Work request:
From the line with "Die mitternachtsblaue Glasur" through the line with "Pantalone da donna", inclusive, return each line of the data below exactly and leave the rest out.

[Material provided — start]

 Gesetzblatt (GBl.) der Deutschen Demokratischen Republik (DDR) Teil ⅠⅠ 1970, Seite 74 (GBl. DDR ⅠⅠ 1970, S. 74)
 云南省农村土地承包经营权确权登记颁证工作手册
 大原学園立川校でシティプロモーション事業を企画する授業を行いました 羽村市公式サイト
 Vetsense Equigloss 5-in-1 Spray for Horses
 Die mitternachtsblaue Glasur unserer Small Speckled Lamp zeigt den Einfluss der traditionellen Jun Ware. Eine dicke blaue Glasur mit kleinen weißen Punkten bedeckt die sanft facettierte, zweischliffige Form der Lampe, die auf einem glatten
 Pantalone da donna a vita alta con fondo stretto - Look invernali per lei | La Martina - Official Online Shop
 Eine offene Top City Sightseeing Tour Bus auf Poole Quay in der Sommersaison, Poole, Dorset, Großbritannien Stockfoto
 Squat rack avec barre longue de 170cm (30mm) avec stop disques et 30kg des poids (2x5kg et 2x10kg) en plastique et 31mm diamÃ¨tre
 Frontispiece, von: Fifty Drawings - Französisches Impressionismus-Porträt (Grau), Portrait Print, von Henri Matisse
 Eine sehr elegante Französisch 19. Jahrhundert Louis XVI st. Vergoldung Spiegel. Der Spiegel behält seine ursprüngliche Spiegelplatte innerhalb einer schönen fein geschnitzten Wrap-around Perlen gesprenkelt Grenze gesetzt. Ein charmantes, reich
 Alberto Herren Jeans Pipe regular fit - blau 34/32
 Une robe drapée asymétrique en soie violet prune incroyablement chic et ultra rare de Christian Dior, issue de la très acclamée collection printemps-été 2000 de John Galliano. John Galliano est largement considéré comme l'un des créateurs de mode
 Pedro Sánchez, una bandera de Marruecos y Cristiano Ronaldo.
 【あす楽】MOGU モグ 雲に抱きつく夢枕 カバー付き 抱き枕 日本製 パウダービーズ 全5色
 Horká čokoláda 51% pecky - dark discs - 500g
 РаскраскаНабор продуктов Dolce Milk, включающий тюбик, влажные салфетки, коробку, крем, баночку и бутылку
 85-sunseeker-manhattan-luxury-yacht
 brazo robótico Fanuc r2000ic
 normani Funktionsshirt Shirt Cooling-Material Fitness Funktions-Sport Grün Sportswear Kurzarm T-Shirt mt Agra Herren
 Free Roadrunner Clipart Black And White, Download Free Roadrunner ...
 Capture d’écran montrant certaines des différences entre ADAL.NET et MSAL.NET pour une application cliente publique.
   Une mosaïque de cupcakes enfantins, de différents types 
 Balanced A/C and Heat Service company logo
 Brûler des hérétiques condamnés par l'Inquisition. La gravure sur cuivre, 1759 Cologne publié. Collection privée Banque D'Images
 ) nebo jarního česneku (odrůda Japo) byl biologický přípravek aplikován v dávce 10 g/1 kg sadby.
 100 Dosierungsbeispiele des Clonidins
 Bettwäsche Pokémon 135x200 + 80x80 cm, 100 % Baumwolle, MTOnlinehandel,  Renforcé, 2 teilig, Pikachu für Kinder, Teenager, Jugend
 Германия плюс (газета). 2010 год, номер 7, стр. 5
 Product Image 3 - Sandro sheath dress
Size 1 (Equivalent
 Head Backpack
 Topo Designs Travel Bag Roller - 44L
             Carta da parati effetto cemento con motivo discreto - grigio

[Material provided — finish]

Exercise output:
 Die mitternachtsblaue Glasur unserer Small Speckled Lamp zeigt den Einfluss der traditionellen Jun Ware. Eine dicke blaue Glasur mit kleinen weißen Punkten bedeckt die sanft facettierte, zweischliffige Form der Lampe, die auf einem glatten
 Pantalone da donna a vita alta con fondo stretto - Look invernali per lei | La Martina - Official Online Shop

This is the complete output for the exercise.